La verdad me hace libre. La verdad de Jesús en mi vida. Él me ama como soy y ha dado su vida por mí sabiendo que soy pequeño. Conoce mi alma. Ha visto mi pobreza y no se escandaliza. Me mira mejor de lo que yo me miro.
Yo me avergüenzo de mi debilidad. Me escandalizo con mi pecado. Jesús se conmueve y me abraza. Ha visto mi verdad y se alegra.
Yo a veces veo sólo mi pecado y pierdo la paz y la alegría. Él no es así. Ve mi bajeza y me hace mirar a las alturas.
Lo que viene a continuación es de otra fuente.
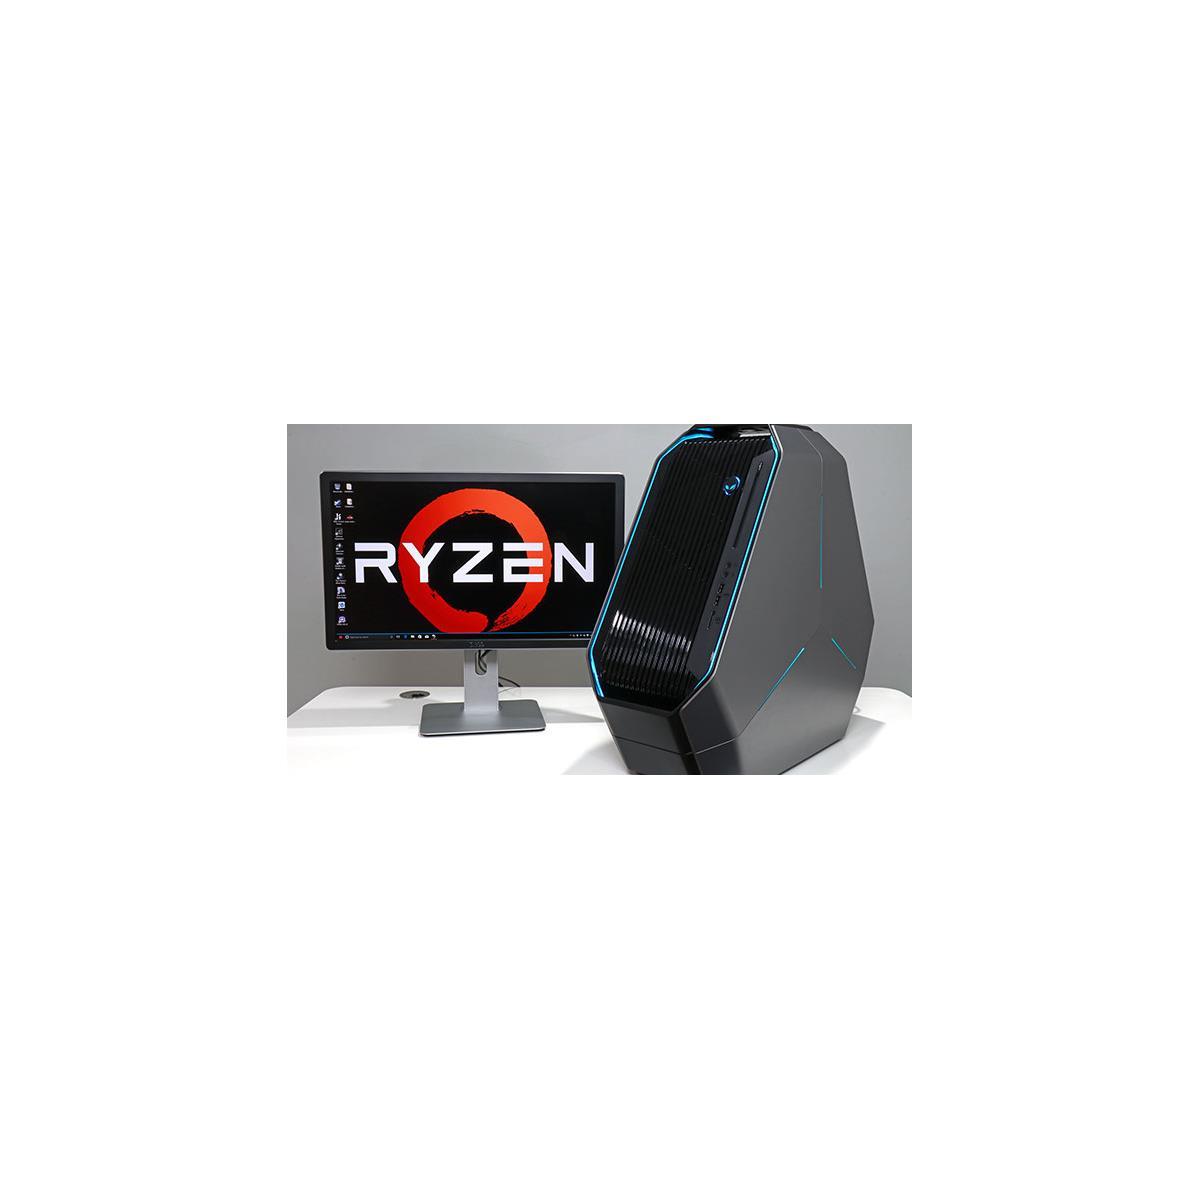 Alienware Area-51 Ryzen Threadripper Edition Hands-On With
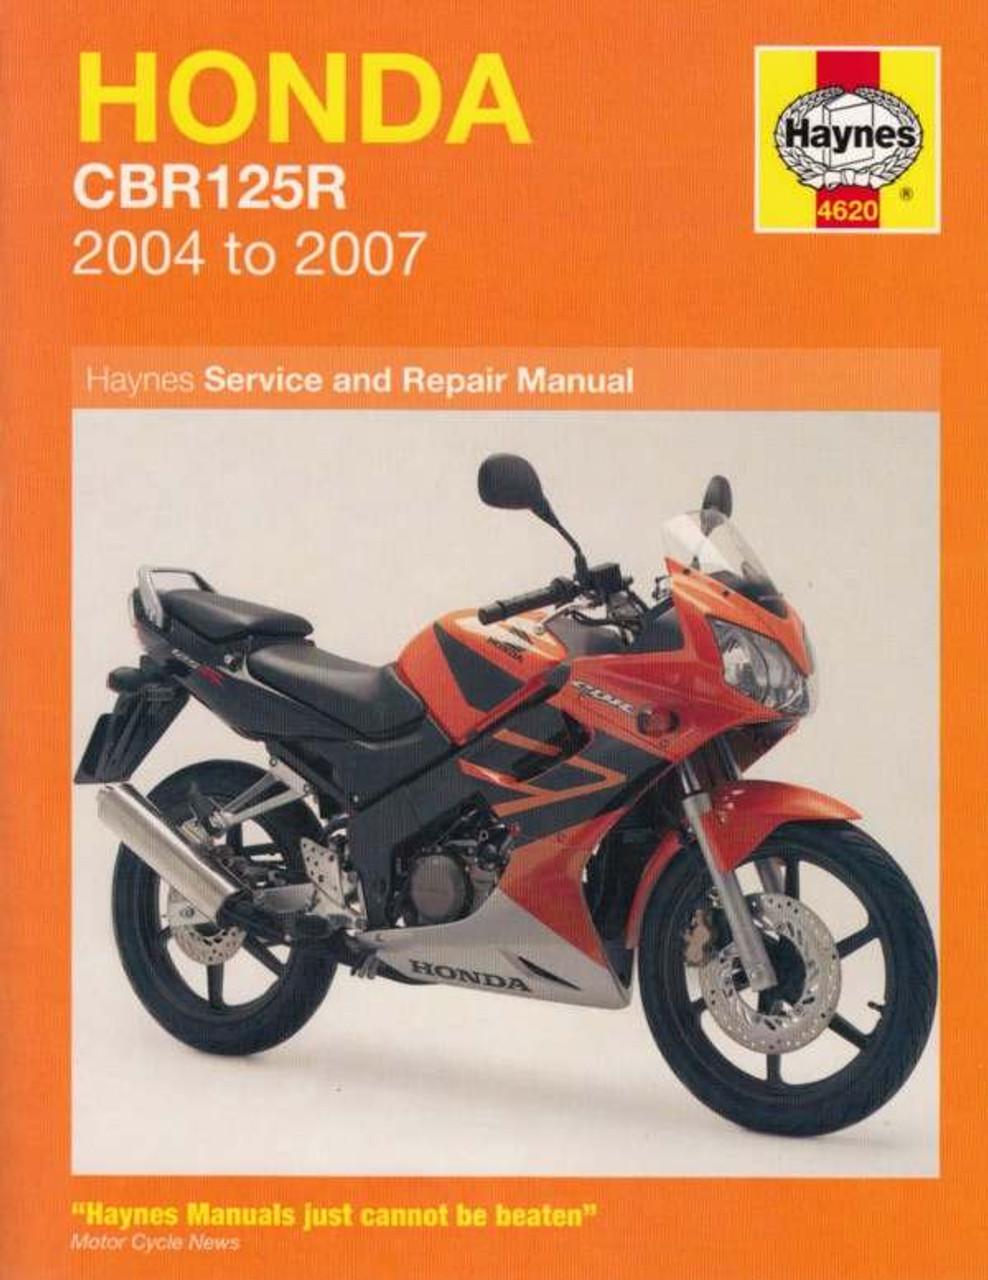 Honda cbf 125 workshop manual pdf

Ve lo que hay en mí y se alegra de ver cómo soy. Ve mi pureza donde yo sólo veo impureza. Ve mi virtud donde sólo veo pecado. Ve mi luz de ángel donde yo sólo veo oscuridad.
El padre José Kentenich, siendo niño, ve todo lo que hay en su alma y mira a las alturas: “¡Cielo estrellado, maravilloso espectáculo! El anhelo me impulsa hacia lo alto. Abandonando la noche de esta vida. Estrellas, estrellas, ¡cómo me gustaría elevarme con vosotras a las lejanías!”[1].
Sueña con la belleza eterna. El reino de Jesús es un reino de luz, de verdad. Vence la oscuridad del alma, la tristeza que me hunde. Despierta una alegría que me lleva a mirar las estrellas.
La verdad me hace libre. Jesús me ayuda a mirarme en mi verdad. A reconocer mi fragilidad. A aceptar con humildad lo que me duele y cuesta.
Me miro en mi verdad. Dejo de lado las mentiras que me hacen daño. Me encadenan. Me atan. La verdad saca lo mejor de mí.
En el reino de Jesús sólo puedo permanecer si soy yo mismo. Si no me escondo detrás de máscaras. Si no pretendo ser quien no soy.